As Hong Kong’s reversion to Chinese rule on July 1 approaches,  the American Chamber of Commerce there is optimistic about the territory’s business prospects for the future, Marc Blacker, a representative of the Hong Kong-based organization, said at a breakfast meeting in Atlanta May 7.

      But he added annual reviews of “most favored nation” (MFN) trading status with China is “just not necessary” annually, much less every six months as recently recommended by House Speaker Newt Gingrich (R-Ga.).  “If MFN were to be revoked, it would take 2 1/2 to 3% off of Hong’s Kong GDP, and as many as 80,000 people in Hong Kong would be put out of work,” he said.

      According to Mr. Blacker, participants in the recent Congressional delegation to Hong Kong, which was led by Mr. Gingrich, expressed interest in the flat tax system as a stimulus to the territory’s economy. The system involves a flat 16 1/2% tax rate for corporations and a 15% flat rate for individuals.

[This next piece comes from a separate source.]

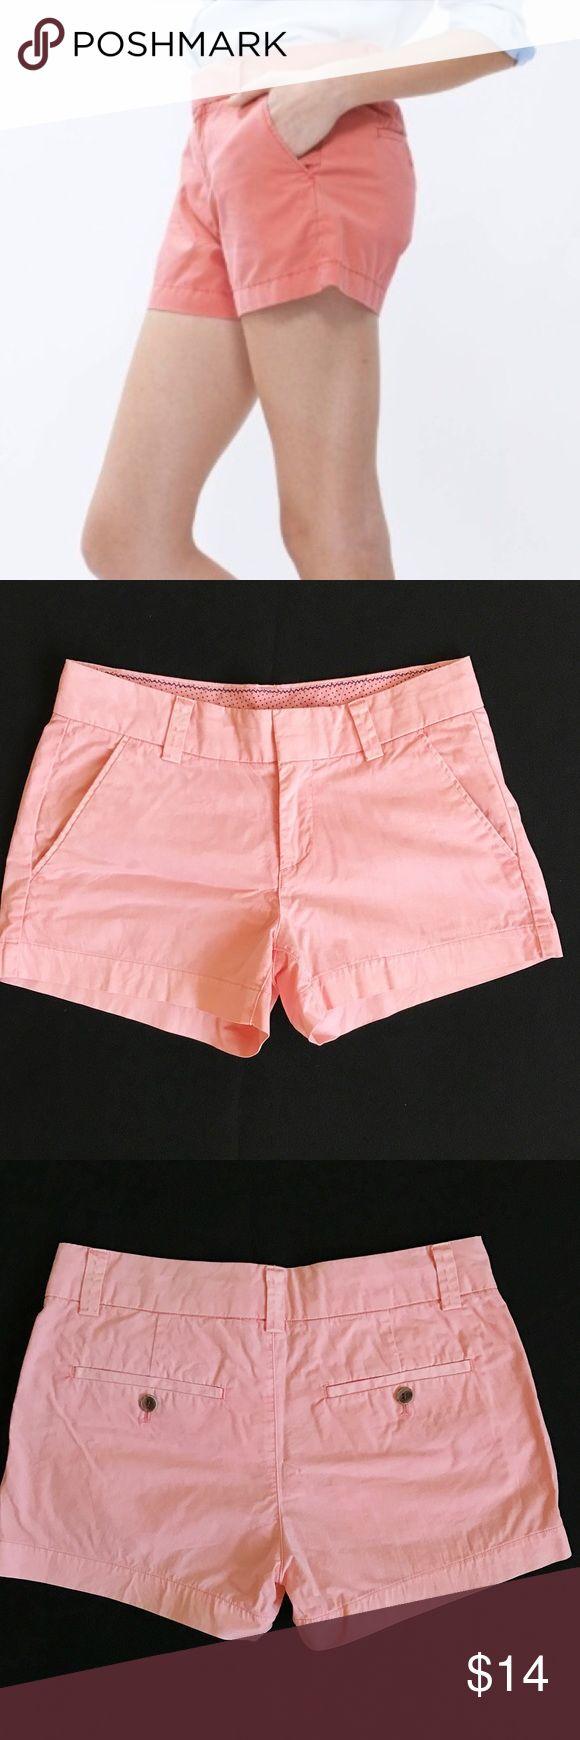 Uniqlo Pink Shorts Uniqlo salmon pink shorts. Such a pretty color and in great condition! Uniqlo Shorts

      “We told speaker Gingrich to send back a delegation to study this tax system,” he said, “but we’re not sure if he really listened to that idea.”

      Mr. Blacker, a former general manager of the American Express Bank in Asia, is a vice president of the chamber , which has some 2,800 members.  The meeting was held at the Metro Atlanta Chamber of Commerce.

      A survey of the American chamber’s members revealed widespread confidence about the reversion Chinese rule on July 1, according to Mr. Blacker.  Any fears people may have for their future in Hong Kong, he added, are mitigated by the significant presence of Americans and U.S. companies.  He said that there were 36,000 U.S. passport carriers living in Hong Kong and more than 1,000 U.S. companies based there, with 400 having their regional offices in the territory.

      Significant trade between Hong Kong and the U.S. also allays business fears, he said.  The U.S. exports $14 billion to Hong Kong and imports $10 billion from the territory, making the U.S. its second largest trading partner after China, he added.